Pengelolaan DAK Tahun Ini Sistem Tender, DAK Disdikbud 2022 Rp30 Miliar - Waspada

Pengelolaan DAK Tahun Ini Sistem Tender, DAK Disdikbud 2022 Rp30 Miliar

- Aceh
  • Bagikan

SINGKIL (Waspada): Pengelolaan dana alokasi khusus (DAK) fisik di Dinas Pendidikan dan Kebudayaan (Disdikbud) mulai tahun ini dilaksanakan melalui sistem tender di Unit Layanan Pengadaan (ULP) Kantor Bupati.

Sebelumnya pengelolaan dana yang bersumber dari anggaran pendapatan belanja negara (APBN) itu ditangani langsung secara swakelola oleh pihak sekolah, komite sekolah dan melibatkan Disdikbud setempat.

“Namun berbeda dengan tahun ini, untuk kegiatan fisik dilakukan dengan sistem tender oleh ULP,” Kata Kasubbag Program Disdikbud Mahidin kepada Waspada.id, Jumat (19/11) usai menggelar Rakor Dana Alokasi Khusus (DAK) yang diikuti seratusan kepala sekolah dan operator masing-masing di Hermes One Hotel Subulussalam.

Dikatakannya, karena pengelolaan anggaran DAK dengan sistem yang berbeda tersebut, sehingga Disdikbud melakukan Rapat Koordinasi (Rakor), Kepala Sekolah dan Operator Sekolah SD dan SMP bersama Pemerintah Daerah dalam pengelolaan dana DAK tahun 2021.

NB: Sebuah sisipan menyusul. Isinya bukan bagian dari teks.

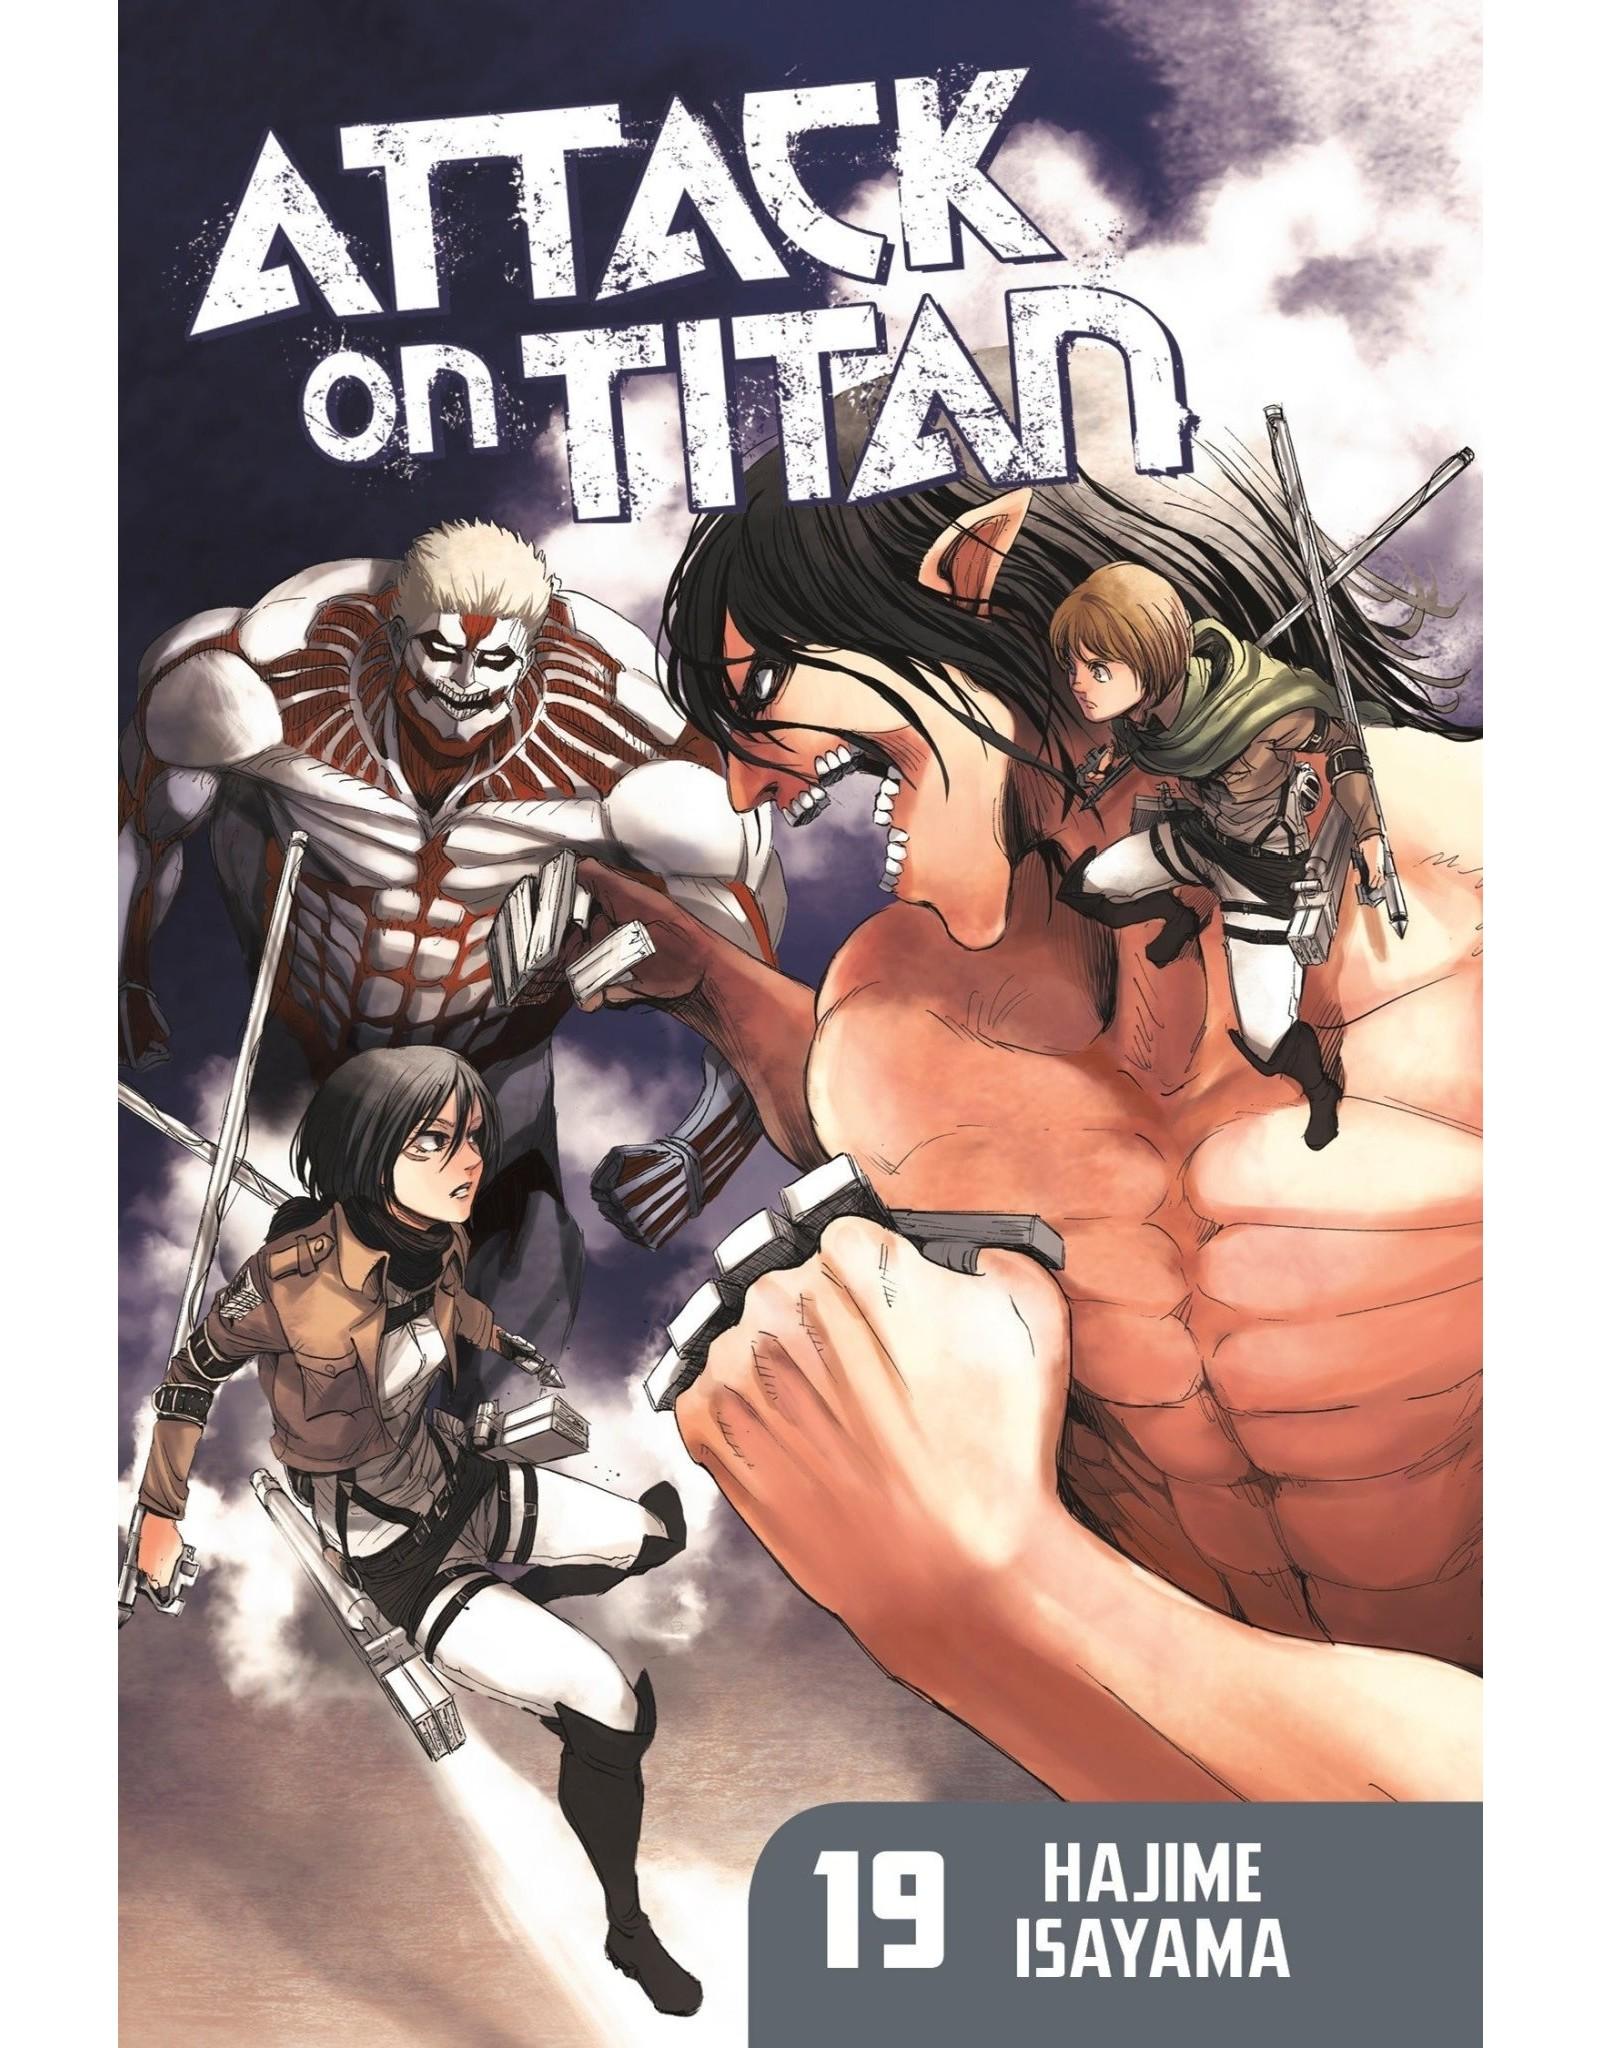 Attack on Titan 19 (English Version)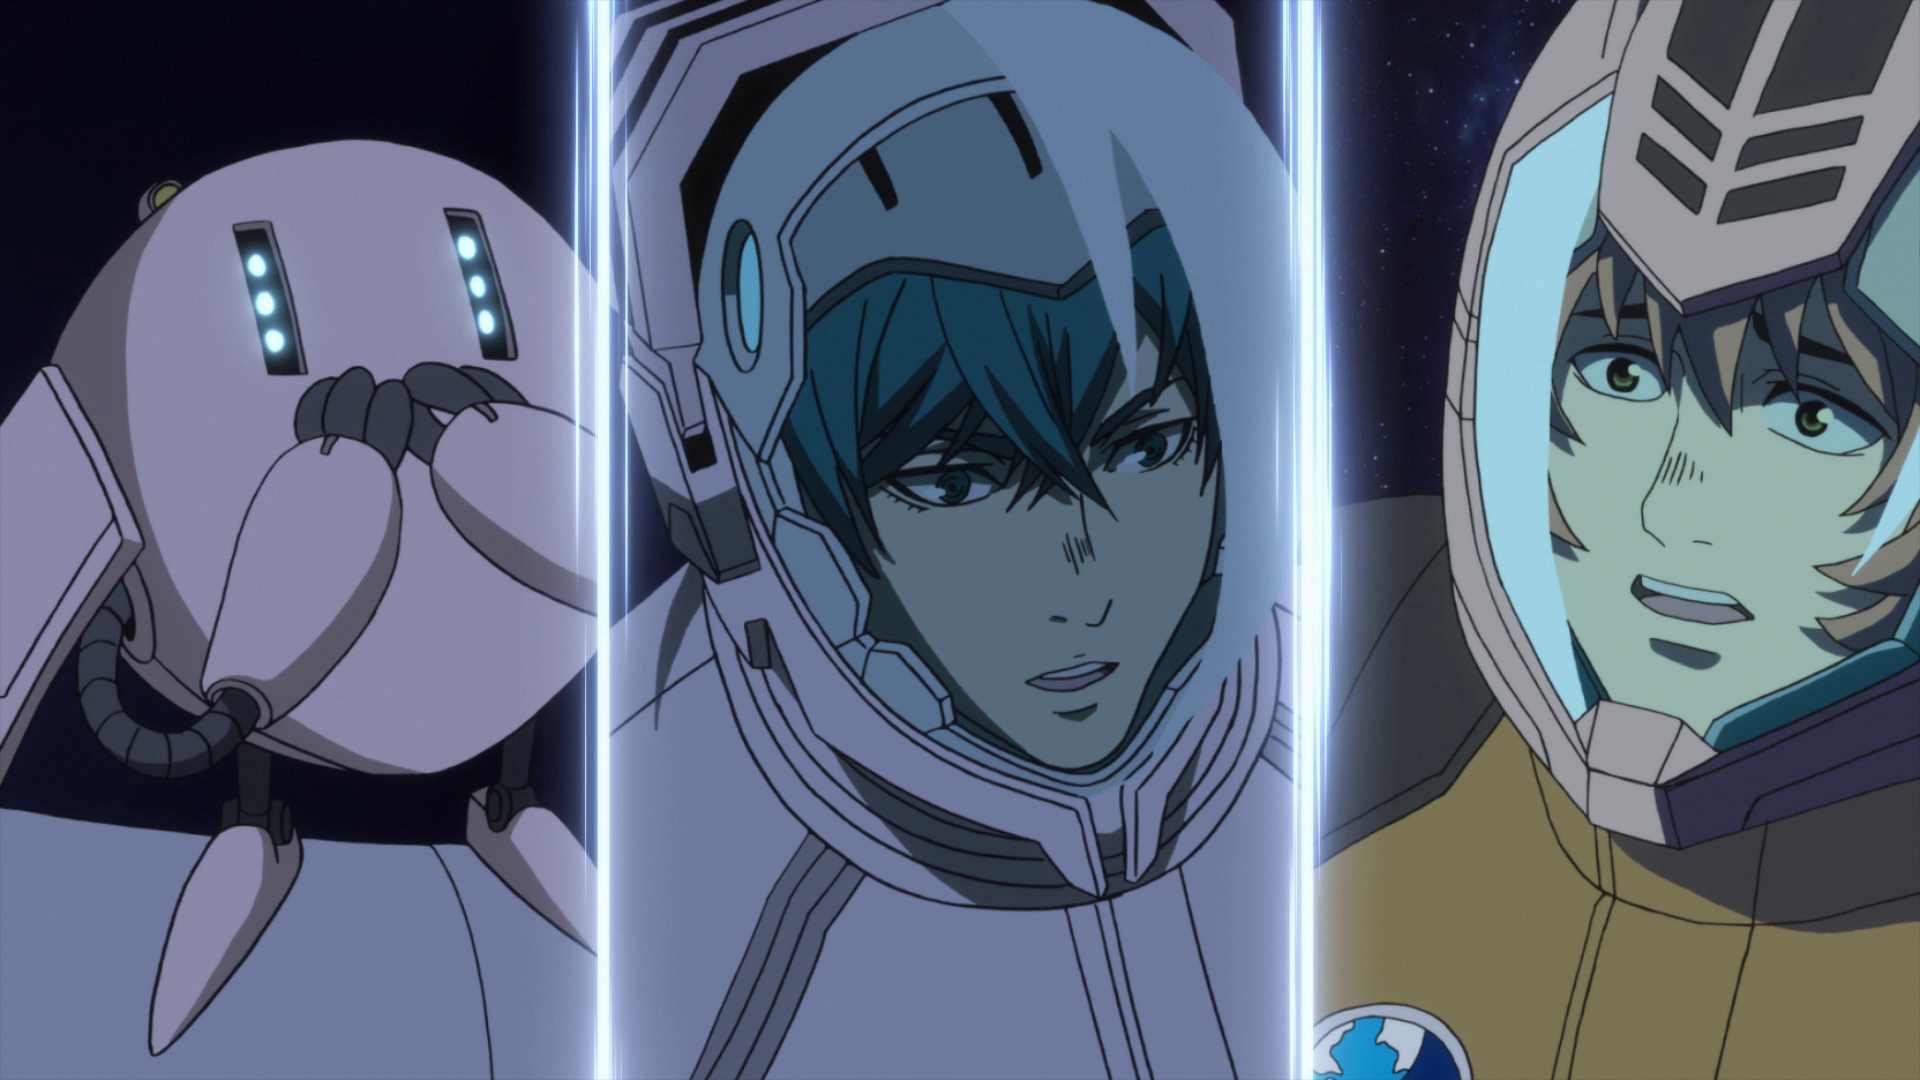 [Golumpa] Space Battleship Tiramisu S2 - 08 (Uchuu Senkan

Disebutkannya dalam Rakor yang digelar itu untuk membahas sistem pengelolaan dana DAK dalam kegiatan pembangunan. “Yang dibahas tentang pengelolaan DAK, yakni sistem pengelolaan kegiatan fisik, penyediaan alat media pendidikan yang menjadi sebuah aset yang akan diinventarisir,” kata Mahadinin

Dijelaskannya, dalam kegiatan tersebut juga dipaparkan terkait sumber utama dalam perencanaan pembangunan yakni sinkronisasi perbaikan data pokok pendidik (Dapodik) di daerah.

Sementara untuk penerimaan DAK tahun ini senilai Rp39 milyar. Jumlah penerimaan ini mengalami penurunan tahun 2022 menjadi Rp30 miliar. “Nilai ini yang telah disetujui Kementerian Pendidikan dan Kebudayaan,” ujarnya.

“Masih akan dilihat ke depan bagaimana pengelolaan sekarang, apakah lebih efektif dengan swakelola cara lama atau sistem saat ini, tergantung risiko yang akan dihadapi mendatang,” tambahnya.

Dari penerimaan dana tersebut akan disalurkan untuk pelaksanaan program sarana dan prasarana pendidikan di Aceh Singkil. Khususnya untuk jenjang tingkat Sekolah Dasar (SD) dan Sekolah Menengah Pertama (SMP).
Sementara untuk penerima manfaat dalam penyaluran DAK tersebut sebanyak 68 sekolah tingkat SD dan 21 sekolah tingkat SMP.

Sementara itu untuk kegiatan penyerapan dana yang di alokasikan untuk pendidikan katanya, bertujuan untuk perampungan sarana prasarana pendidikan, yang akan ditargetkan batu akan rampung pada 2024 mendatang.

Di samping target penuntasan sarana prasarana pendidikan mendatang, termasuk melakukan UKG untuk sertifikasi tenaga pendidikan agar mendapatkan tunjangan sertifikasi guru masing-masing, terangnya. (B25)

Keterangan Foto : Nara sumber dari Inspektorat Aceh Singkil Haristam saat memaparkan materi tentang Penata Usahaan Keuangan Daerah pada Rakor Kepala Sekolah, 15-17 Nopember 2021. Waspada/AriefH.